La Suprema Corte sez. 6 con ordinanza n. 9898/2017 ha accolto il ricorso dell’Ufficio, valorizzando la circostanza che nel caso di specie il contribuente aveva omessa di partecipare al contraddittorio (regolarmente attivato) e si era altresì astenuto da qualsivoglia allegazione.
Al comportamento sopra descritto consegue, secondo la Corte, che l’Ufficio (diversamente da quanto ritenuto dai giudici di merito) non è tenuto ad offrire alcuna ulteriore dimostrazione della pretesa esercitata essendo così sufficiente per fondare la pretesa tributaria l’accertato scostamento del reddito rispetto agli studi di settore.

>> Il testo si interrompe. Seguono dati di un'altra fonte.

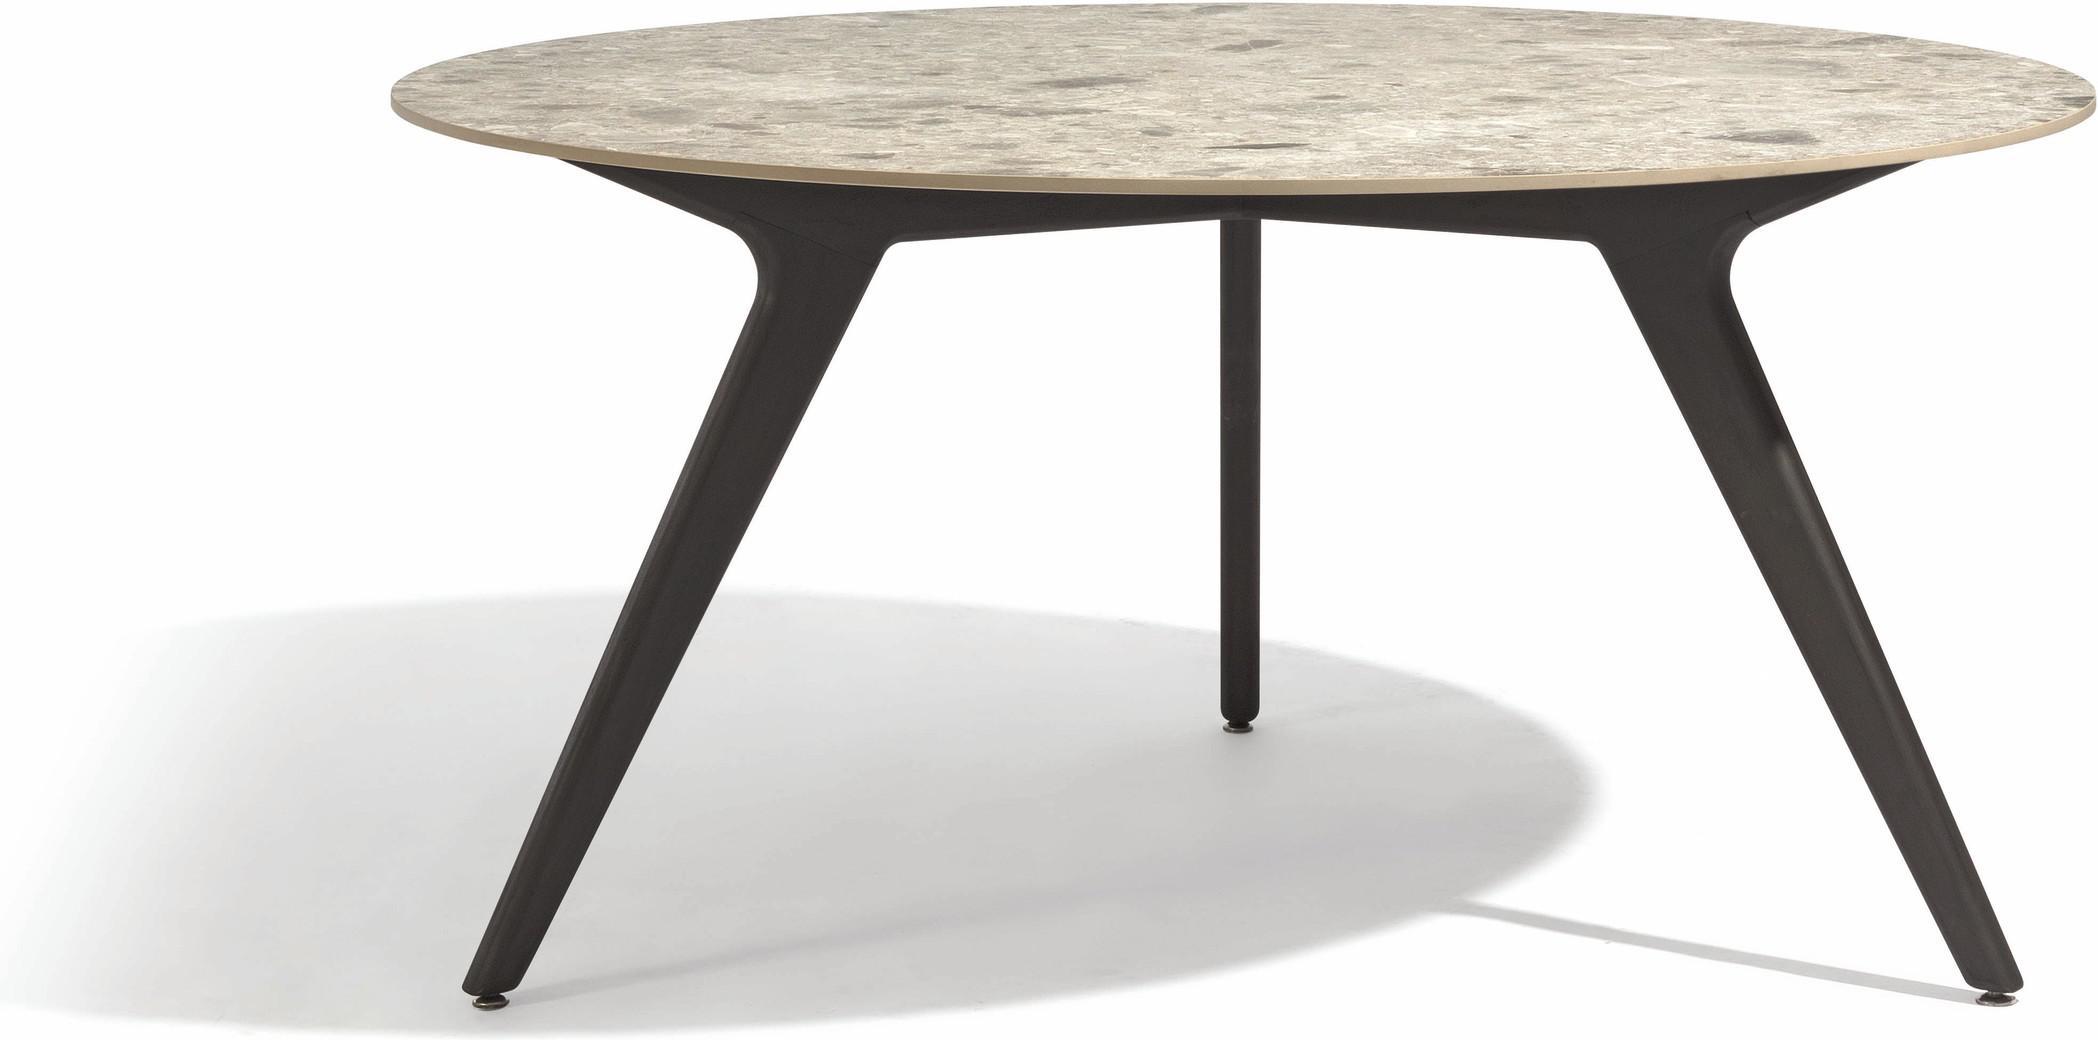 Torsa Dining table - Teak nero - CT 148

Il contraddittorio deve essere obbligatoriamente attivato, pena la nullità del procedimento; tuttavia in caso di inerzia del contribuente l’avviso di accertamento è da considerarsi legittimo e la sua pretesa fondata anche se basati solo sul riscontrato scostamento dello studio di settore.

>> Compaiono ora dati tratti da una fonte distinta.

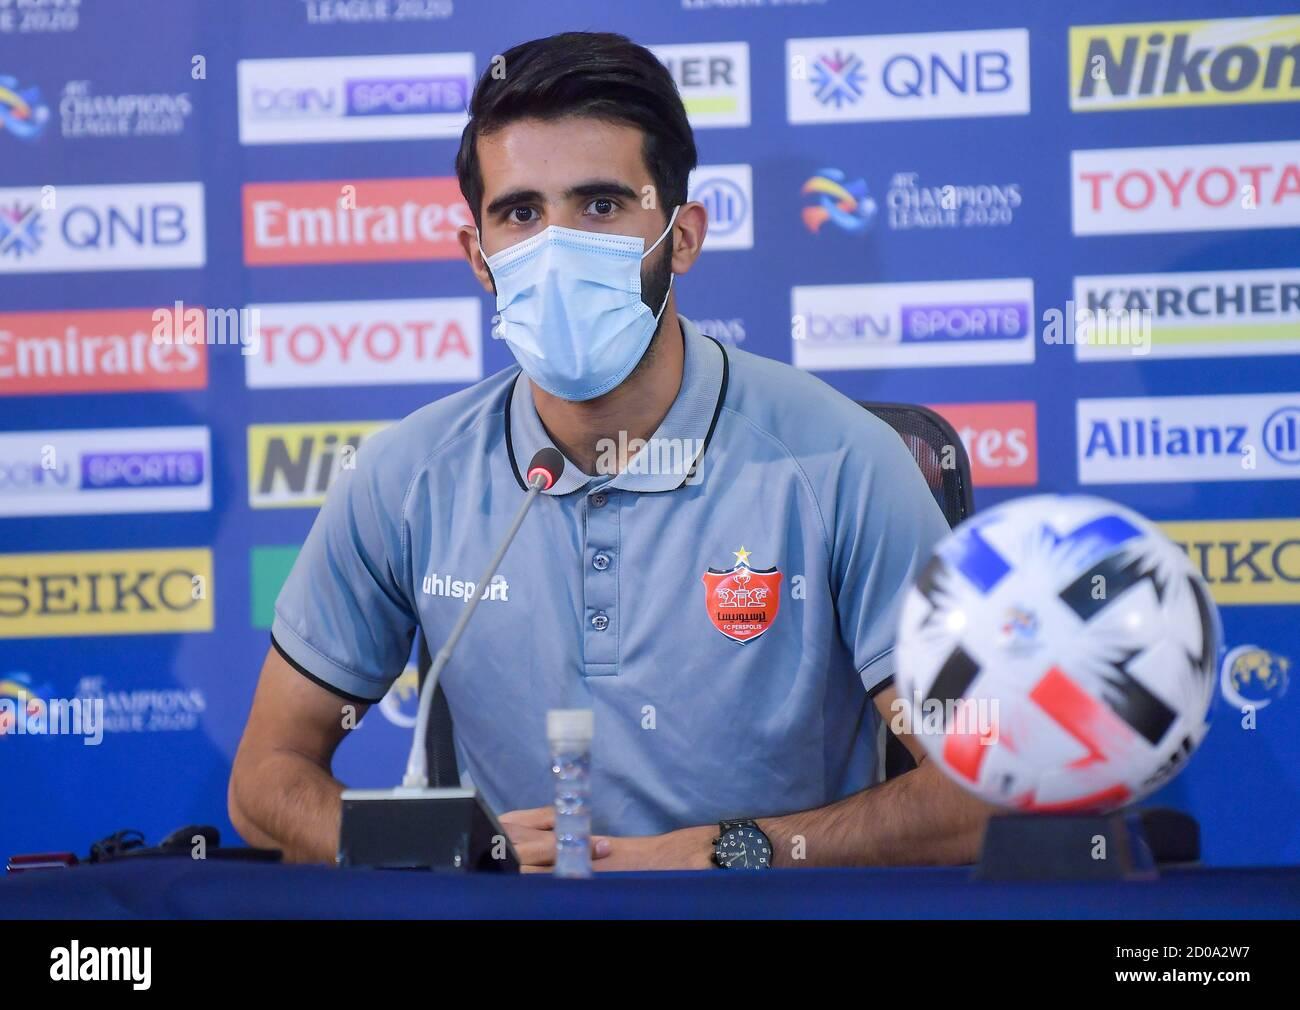 Doha Qatar 2nd Oct 2020 Persepolis Fc S Player Bashar Resan Bonyan Attends A Press Conference Ahead Of The Semi Final Match Of Afc Champions League Between Al Nassr Fc Of Saudi Arabia And

In definitiva il contribuente che non partecipa al contraddittorio preprocessuale non assolve l’onere controprobatorio rispetto al contestato scostamento. Conseguentemente non può dolersi del fatto che l’Ufficio non indichi ulteriori dati che consentano di adattare quelli astratti degli studi alla realtà del singolo contribuente. (Cfr ex multis Cass. Sez.V 17646/2014).